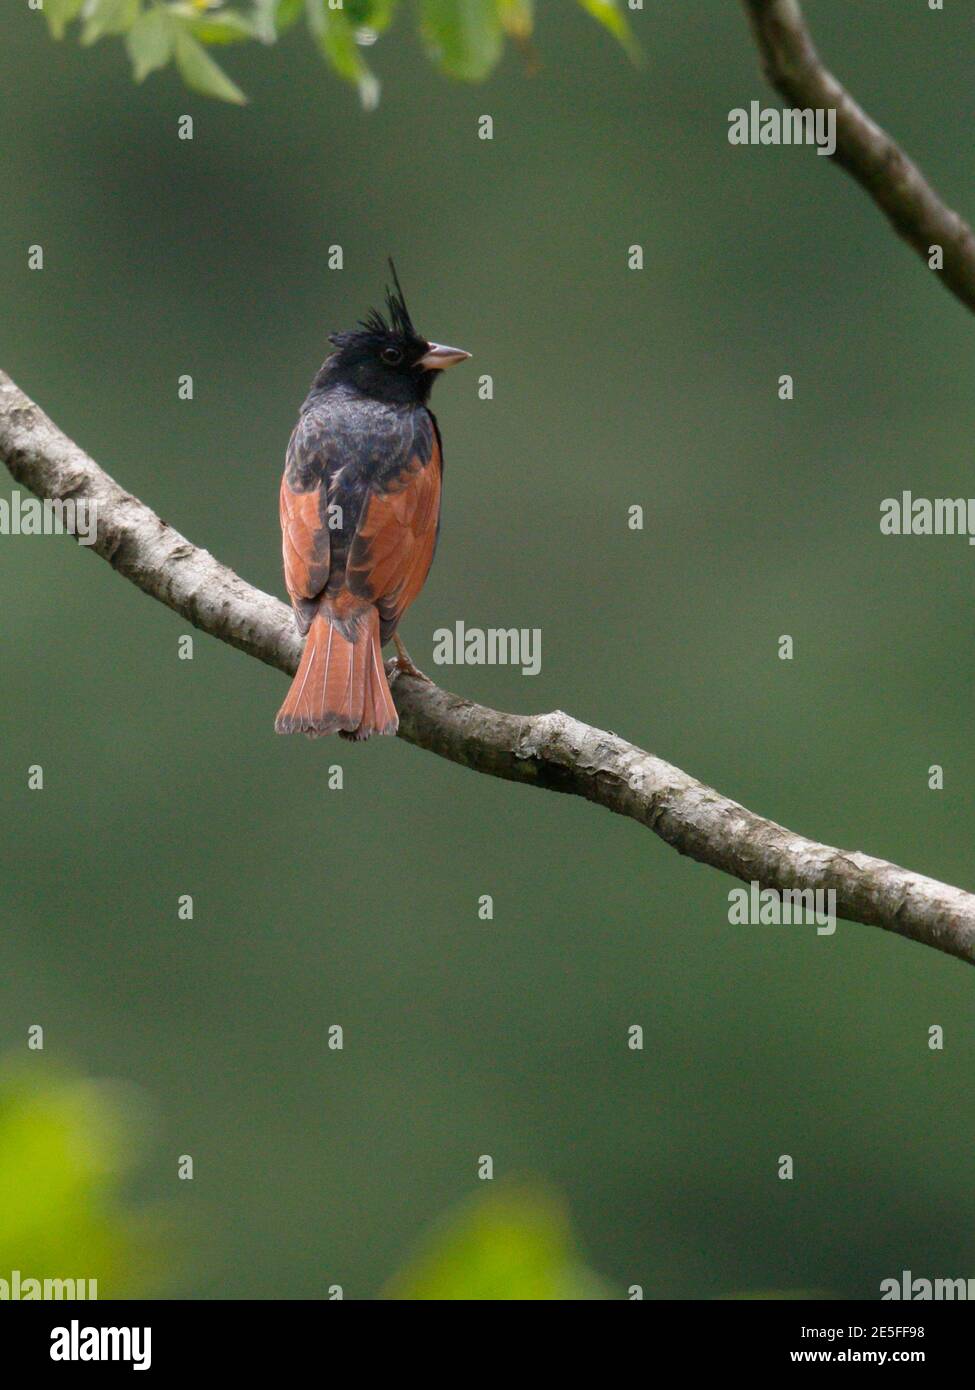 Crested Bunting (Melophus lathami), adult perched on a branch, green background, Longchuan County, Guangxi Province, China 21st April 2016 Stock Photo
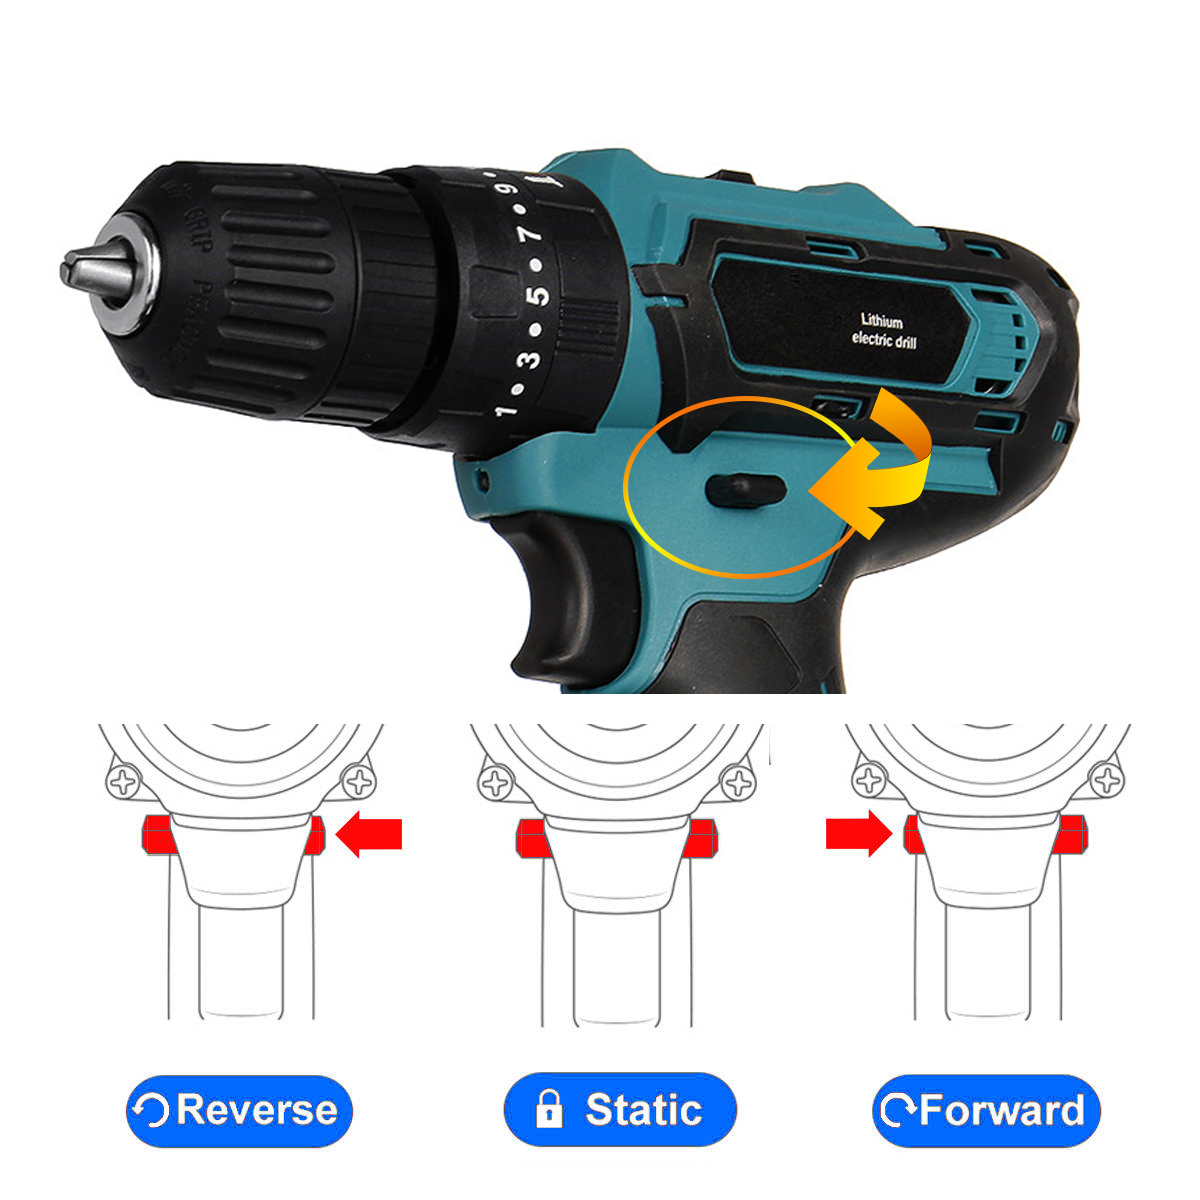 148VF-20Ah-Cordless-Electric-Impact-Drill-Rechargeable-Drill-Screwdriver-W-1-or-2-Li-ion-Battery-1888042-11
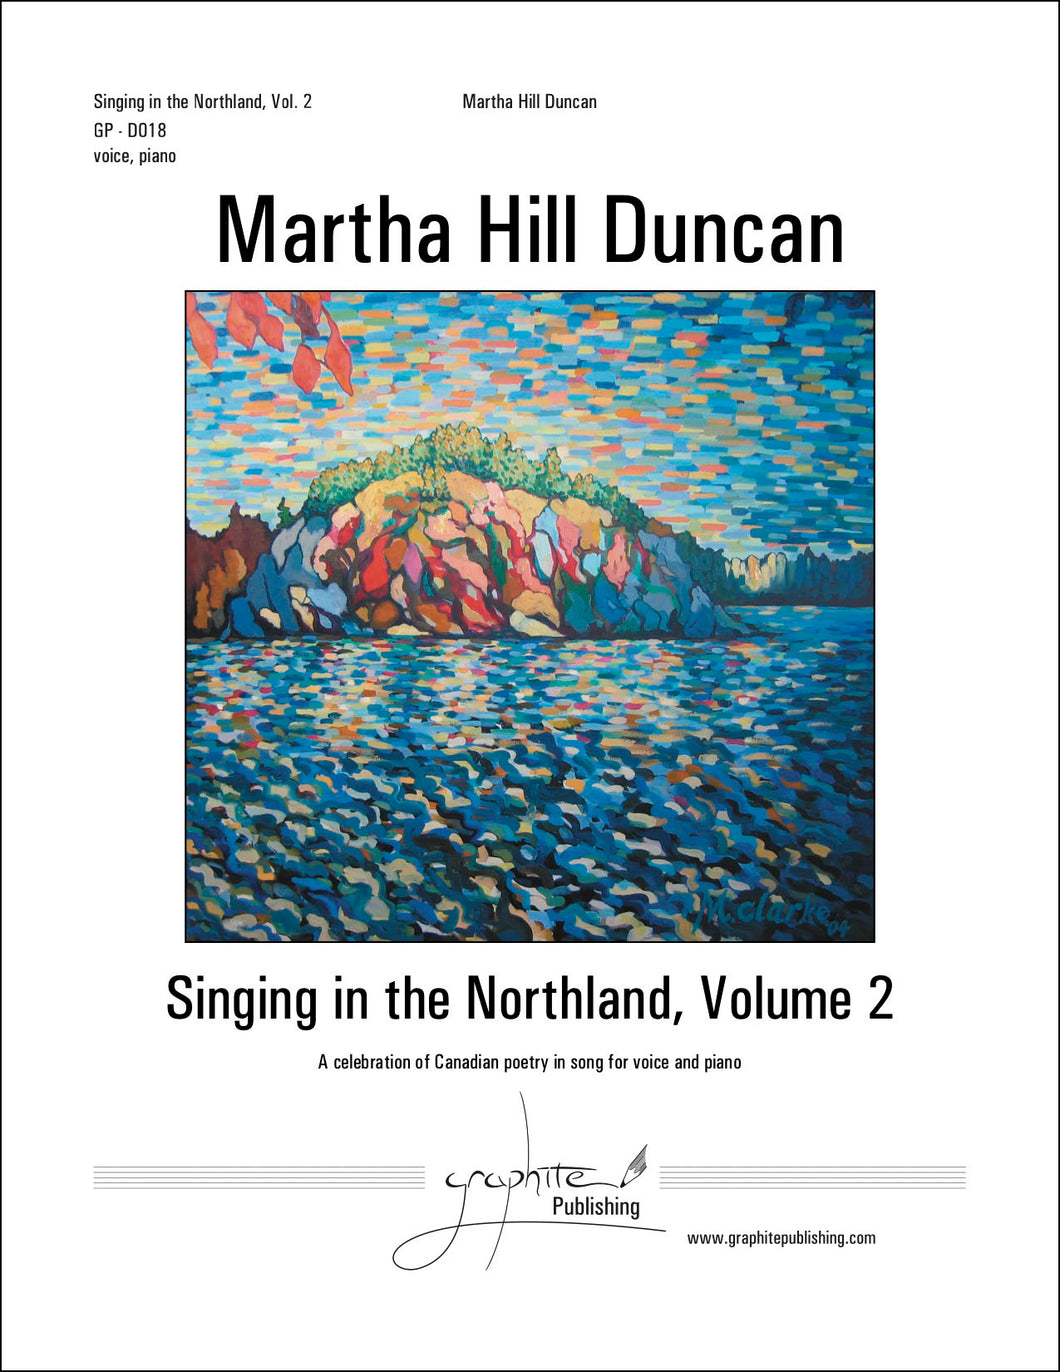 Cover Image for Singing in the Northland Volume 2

● ● ● ●

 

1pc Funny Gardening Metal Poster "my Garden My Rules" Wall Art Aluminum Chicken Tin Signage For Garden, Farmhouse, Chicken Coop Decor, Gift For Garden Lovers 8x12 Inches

● ● ● ●

• **Your task**: Give the lines above again exactly, from the one containing "Crested Bunting (Melophus" to the one containing "Cover Image for", both included, but leave out the pictures.

• **Written response**:
 Crested Bunting (Melophus lathami), adult perched on a branch, green background, Longchuan County, Guangxi Province, China 21st April 2016 Stock Photo
 148VF-20Ah-Cordless-Electric-Impact-Drill-Rechargeable-Drill-Screwdriver-W-1-or-2-Li-ion-Battery-1888042-11
 Cover Image for Singing in the Northland Volume 2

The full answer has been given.